8. Release the lock and end the backup.
Improvement of Xtrabackup
From the logical backup and physical backup described earlier, no matter what backup tool, it is strongly dependent on FTWRL in order to obtain a consistent bit point. This lock is very lethal because the entire database is virtually incapable of providing a write service for the duration of the lock. In addition, because the FTWRL needs to close the table, if there is a large query, it will cause the FTWRL to wait, resulting in a longer DML blocking time. Even if it is a standby, there are SQL threads that cause the primary standby to be delayed when the update from the Master library is replicated on the global lock. From the previous analysis, FTWRL this lock holding time is mainly related to the amount of InnoDB table data, if the InnoDB table data volume is very large, backup is slow, then hold the lock time will be very long. Even if all is InnoDB table, also because has the MySQL Storehouse system table existence, causes will lock a certain time. To address this problem, the Percona company has improved the MySQL server layer by introducing backup LOCK, in particular, backing up non-InnoDB table data through the "Locktables for Backup" command, through "LOCK Binlog For backup to obtain a consistent bit point, minimizing the damage to the services caused by the database backup. Let's take a look at the difference between the two locks and the FTWRL:
LOCK TABLES for BACKUP
role: Backing up data
1. Prohibit non-InnoDB table update
2. Disable DDL for all tables
Optimization point:
1. Will not be blocked by the large query (close the table)

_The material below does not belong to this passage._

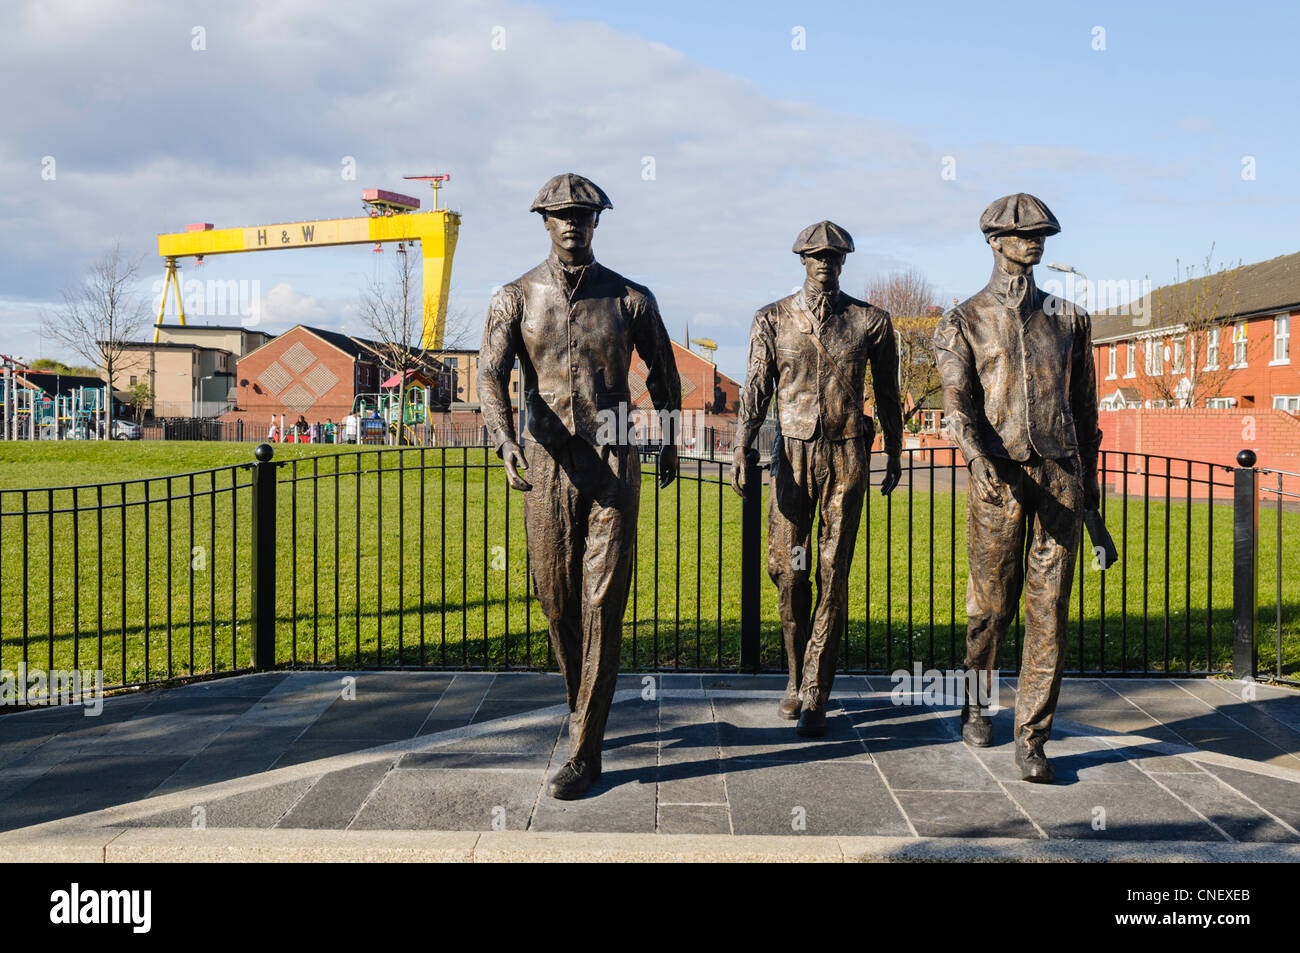 Yardmen statues to commemorate the men who worked in the Harland and Wolff shipyard. Artist: Ross Wilson.ctor Stock Photo

2. The InnoDB table will not be blocked read and updated, this is very important, for the business table is all INNODB situation, the backup process, the DML is completely intact
Unlocktables
LOCK Binlog for BACKUP
Function: Gets the consistency bit.
1. Disable the operation of the update to the bit point
Optimization point:
1. Allow DDL and updates until Binlog is written.
Unlockbinlog
The above is the entire content of this article, I hope to help you learn.